I was happy to have ridden another strong race, but I couldn’t have done it without the incredible teamwork from my Avanti teammates who kept us out of the wind in the important stages of the race. The podium place also gained us some more valuable points in the Oceania Team’s standings, which gives Team Avanti the Oceania Teams top ranking and qualifies us to race at the 2014 World Team Time Trial Championships. After a long evening of travel back from QLD, it’s nice to be back home after a few days away. To come home with another podium place and show that my 2014 season just keeps on rolling is a good feeling. I’m looking forward to the next race with Team Avanti, hopefully we can go up a couple of steps and put the blue and orange colors on top once again. As always, thanks to our staff and sponsors of Team Avanti, your products, financial input and support goes a long way to helping us succeed. To Diadora Australia for their sponsorship with Cycling Shoes, I love the products guys! To my family, mum & dad, brothers, girlfriend and friends, thanks for your ongoing commitment and sacrifice to allow me to do what I love. My personal coach Matt Wallace, Chiropractor Sharon and Masseur Jude, I appreciate your work behind the scenes. Keep posted for further updates, I have a few club races and invitational criteriums to take part in before my next race with Team Avanti Pro Cycling. Enjoy your riding and keep safe! Cheers, Brenton

Monday, 10 February 2014

UCI 2.2 NZ Cycle Classic

The first tour of the 2014 season for Team Avanti took place in New Zealand with the UCI 2.2 New Zealand Cycle Classic. I was excited to race having come off a great first month of racing in Australia and I was confident, being surrounded by my teammates who had performed strongly in their early season racing too.

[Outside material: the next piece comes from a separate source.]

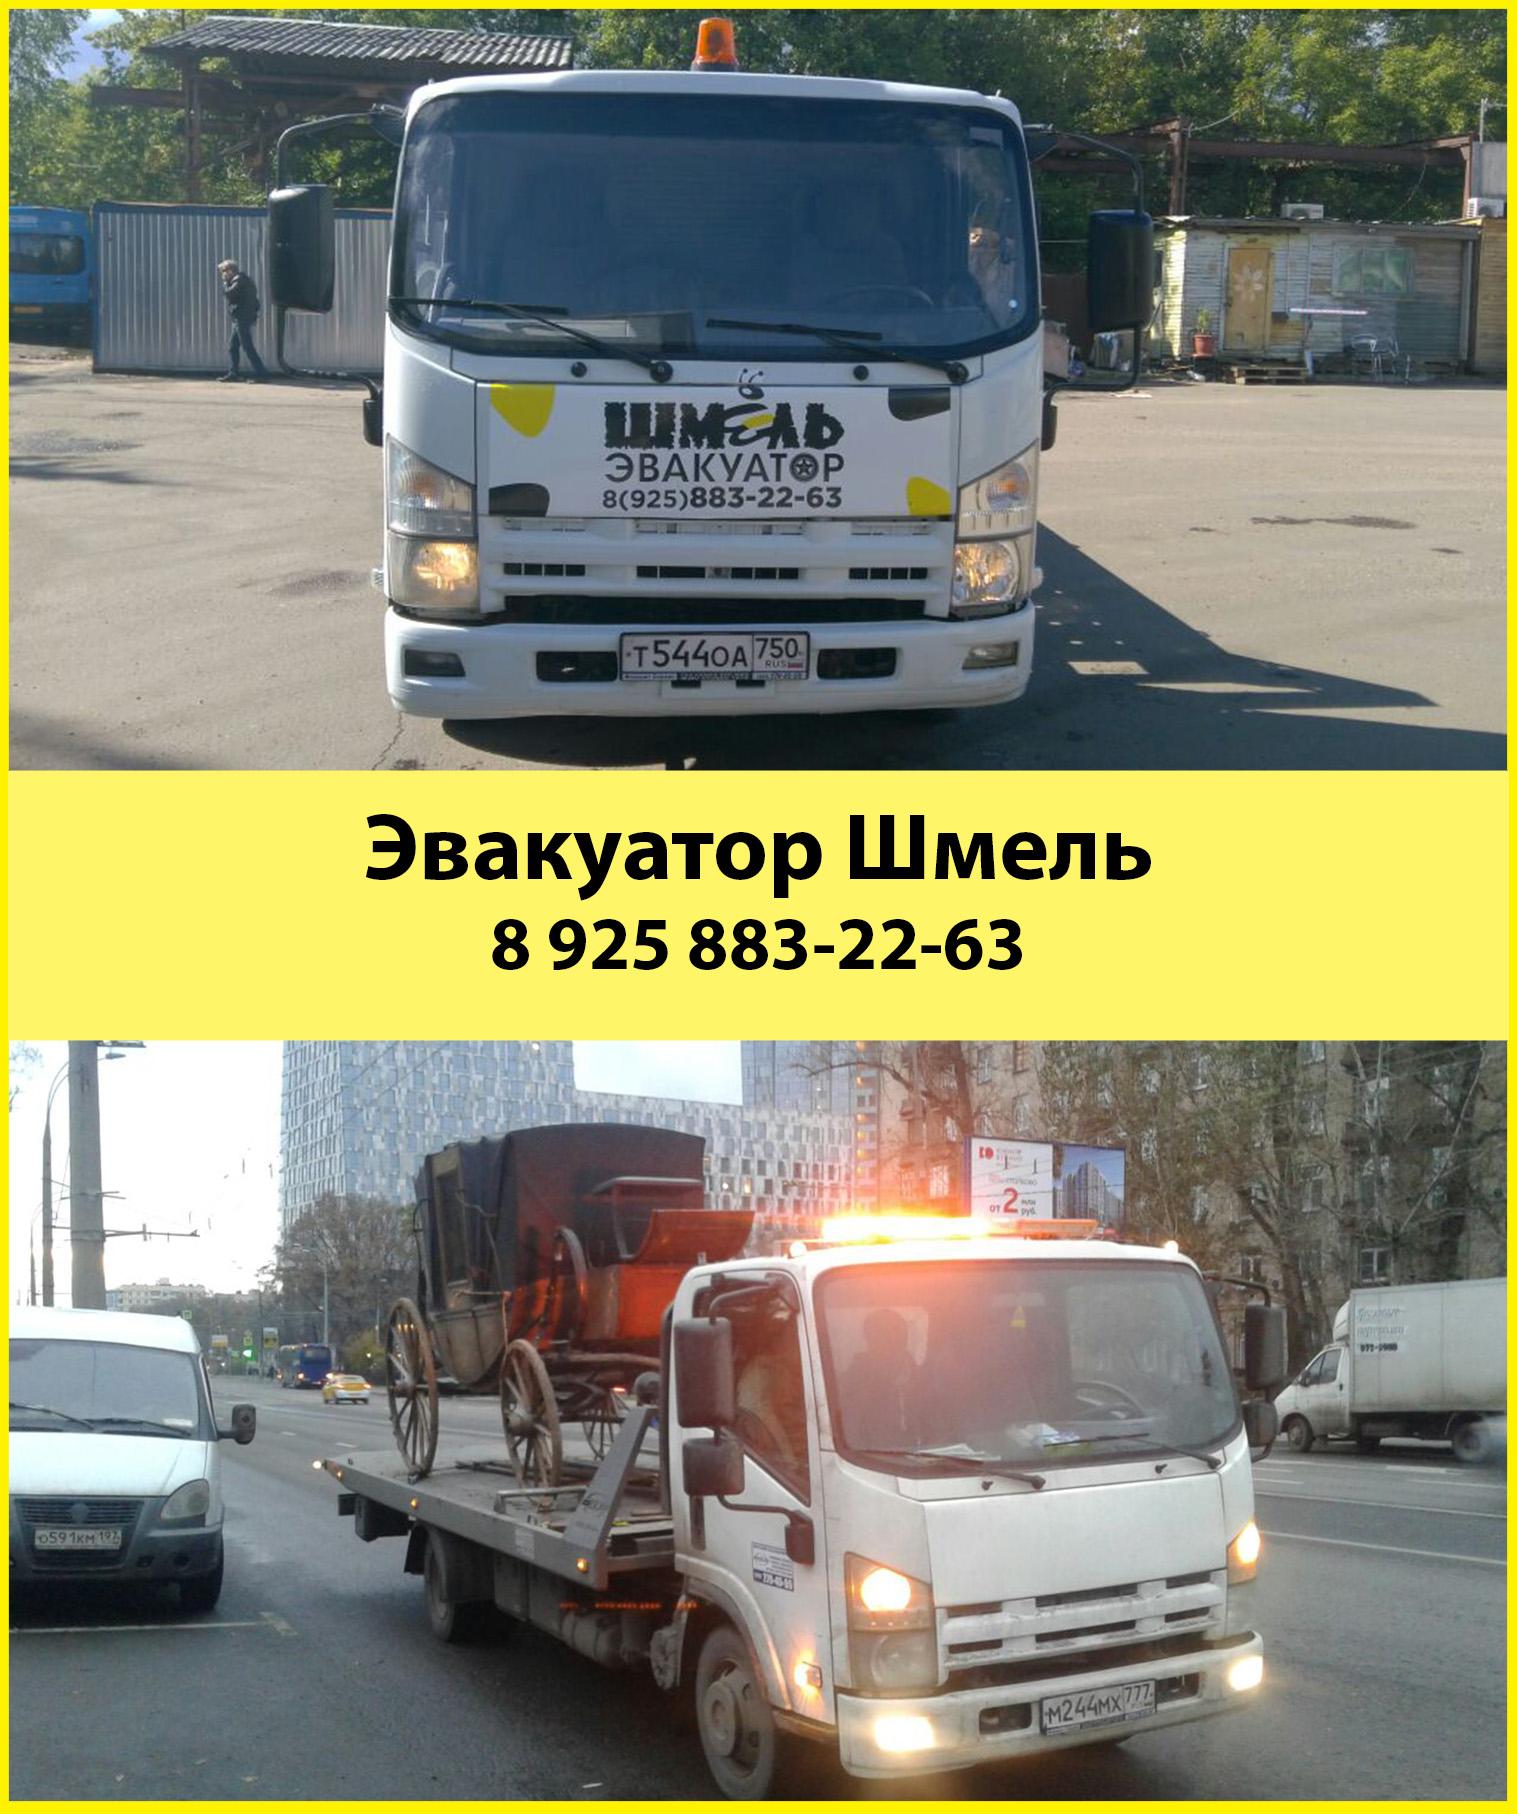 Эвакуатор Москва - Калуга

After some minor baggage issues at the airport upon arrival, our bikes eventually turned up that afternoon and we settled into our accommodation. Before the racing began, we rode the important sections of the final stage as well as the first stage time-trial course. The idea of this was to visualize the course and know what to expect on the day we raced on them. On one of the rides, some of the local AvantiPlus Bike Shop staff and riders, all eager to come and ride with our team accompanied us for the morning.
Stage one. Day one saw a 5.1km fast and flat individual time-trial course to test our ability against the clock in what would be an explosive measure of 6-7min power. My morning roll with teammate Taylor Gunman (2014 NZ National TT Champ) was great because we decided to go and have another look at the afternoon’s course and fine tune the lines and cornering skills we would use in the race. I know when I’m on a good day because not only do my legs feel good, my body and mental focus is great also. With each of us in Team Avanti starting at different time slots, I was first off from our team and rolled out with teammate Sam Davis to the start line. Before I arrived at the start line, I got a flat tire halfway out and had to call team director, Andrew Christie-Johnston (ACJ) to come and collect me. I didn’t let it bother me, instead, I focused on the job and prepared myself for the ITT.

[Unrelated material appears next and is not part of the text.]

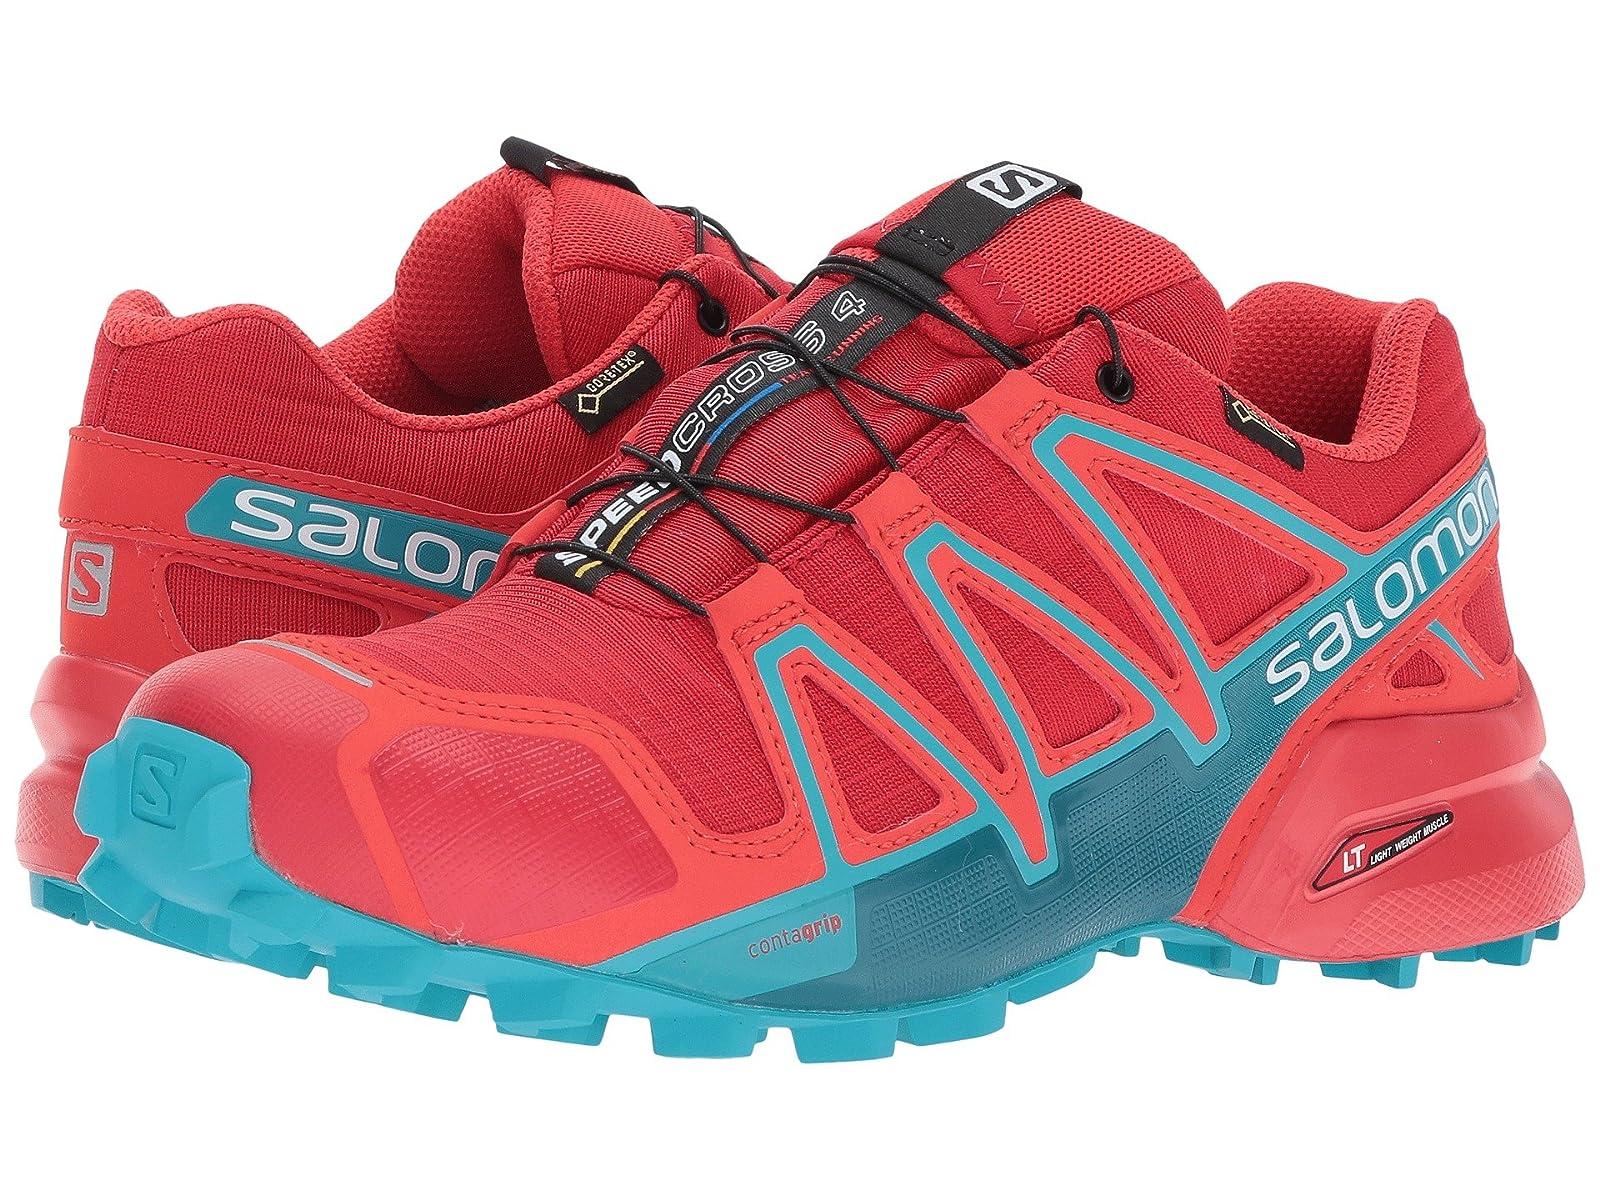 Salomon Speedcross 4 GTXAtmospheric grades have affordable shoes

I was so mentally pumped up and focused on the start line, that heading down off the start ramp, into the first tight corner and onto the first open straight, I forgot to start my Garmin and was only focused on what my power and speed were doing. Around the very sharp turn-a-round point - which surprised all riders as it was 100m shorter than expected - I had set a good time and my rhythm and legs were great and I had one final head-wind section towards the finish line to go. One kilometre to go and my legs were killing me but riding strong. The last 500 metres were so painful, but with my teammate Taylor and ACJ yelling from the team car (whilst on the horn), I finished in a great time of 6 minutes 17 seconds. Despite my teammates Aaron Donnelly (6 min 19 sec) and Taylor Gunman’s (6min 26sec) very strong performances, the only other rider to go a few seconds quicker than me was team Budget Forklifts’ Michael Vink who stopped the clock in a time of 6 minute 13 seconds. I was so happy to have posted a solid time which I had been so sure was going to be beaten by my teammates or another strong TT rider. We may not have won, but with Aaron in 3rd place and Taylor top 10 and myself in 2nd, it was a good day for Team Avanti.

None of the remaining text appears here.